Brand: Thmorgan
Model: TMCB 4800

 

I. Working Conditions:

1. Power supply voltage: AC 220V ±10%, 50Hz, single-phase;

2. Operating temperature: 15–30°C;

3. Relative humidity: ≤80%;

II. System Parameters:

1. Complies with the national standard GB/T 19277.1 and is suitable for composting–based infrared spectroscopy tests for biodegradability.

2. Complies with the national standard GB/T 19277.2 and is suitable for composting‑based gravimetric biodegradation testing.

3. Complies with the national standard GB/T 19276.2 and is suitable for infrared‑based biodegradation testing in hydroponic systems.

4. Complies with the national standard GB/T 19276.1 and is suitable for electrochemical respiration‑based biodegradation testing.

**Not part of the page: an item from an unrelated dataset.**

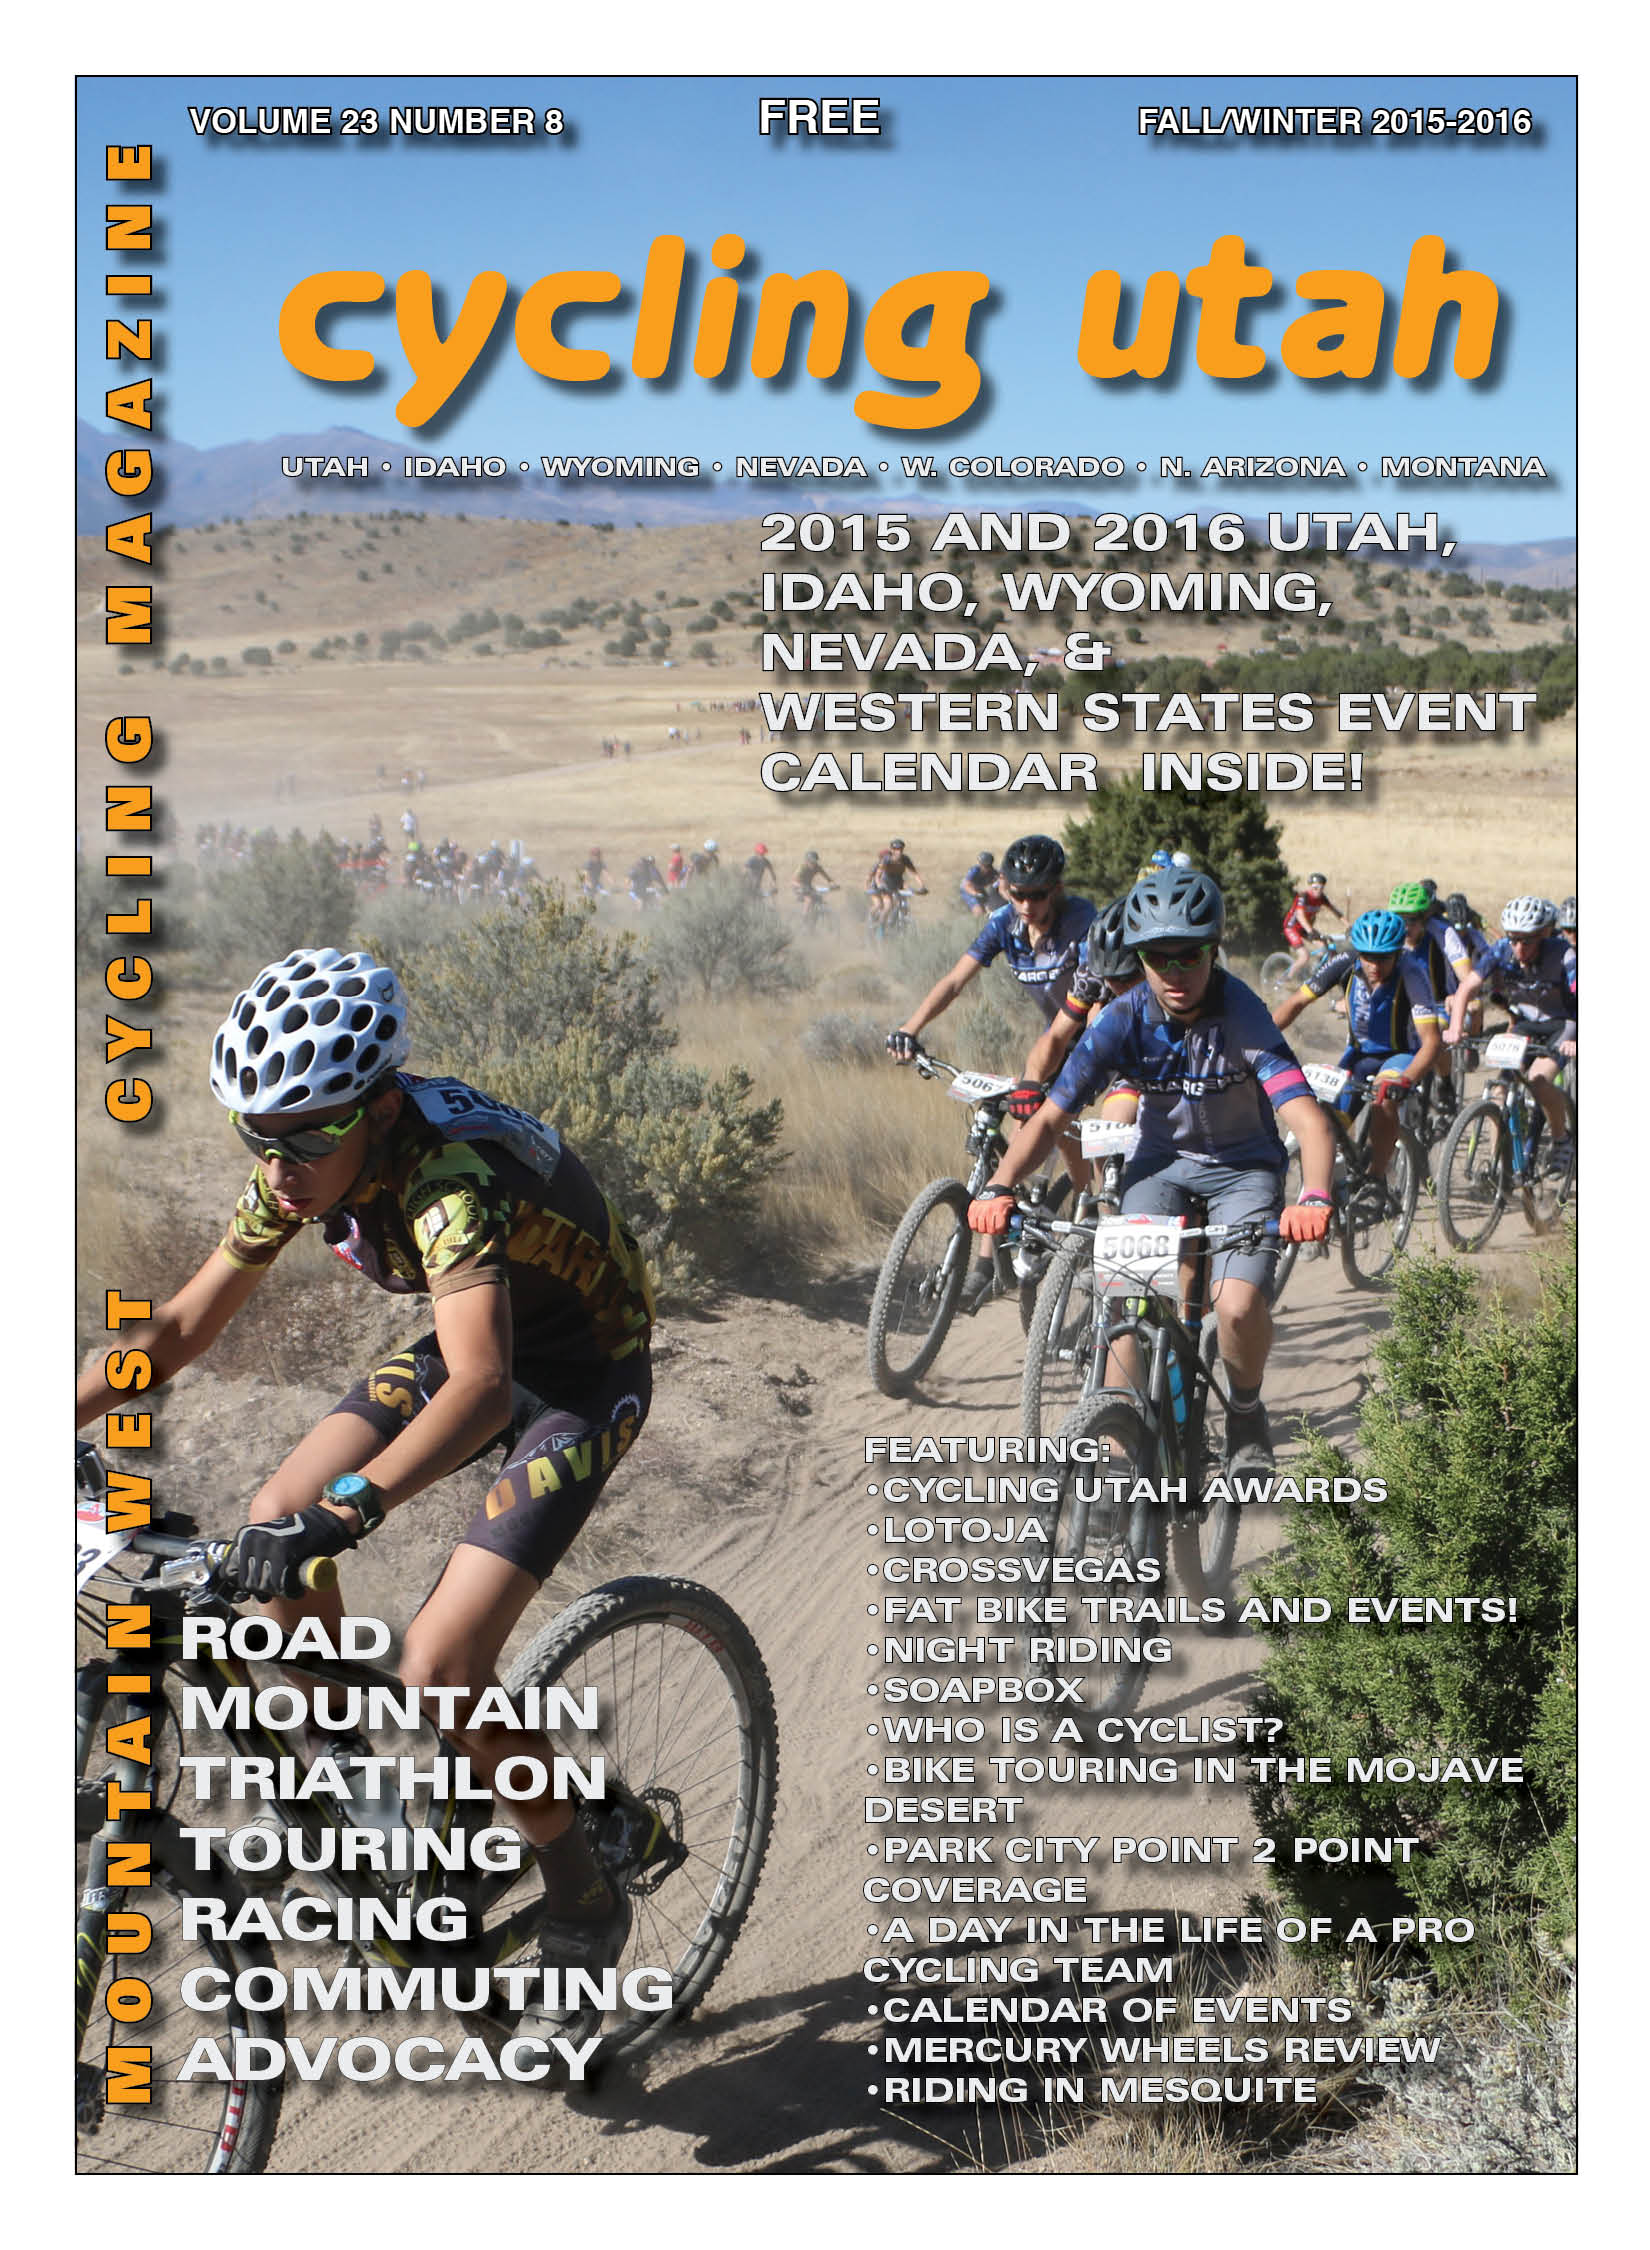 Cycling Utah’s Fall-Winter 2015-2016 Issue is Now Available!

 5.  The four modules can operate simultaneously;

III. Composting Infrared Detection Module:

(1) Product Applications

1. Complies with GB/T   Testing requirements of Standard 19277.1-2011;

2. Meets the testing requirements of ISO 14855‑1;

3. Meets the testing requirements of JIS K 6953-1;

4. Suitable for external testing conducted by quality inspection institutes;

5. Applicable to third-party institutions providing external testing services;

6. Suitable for self‑inspection and formulation optimization by bio‑based material manufacturers, among other applications;

7. Suitable for basic research on biodegradation ；

(II) Product Features

1. Fully complies with the testing requirements of GB/T 19277.1-2011.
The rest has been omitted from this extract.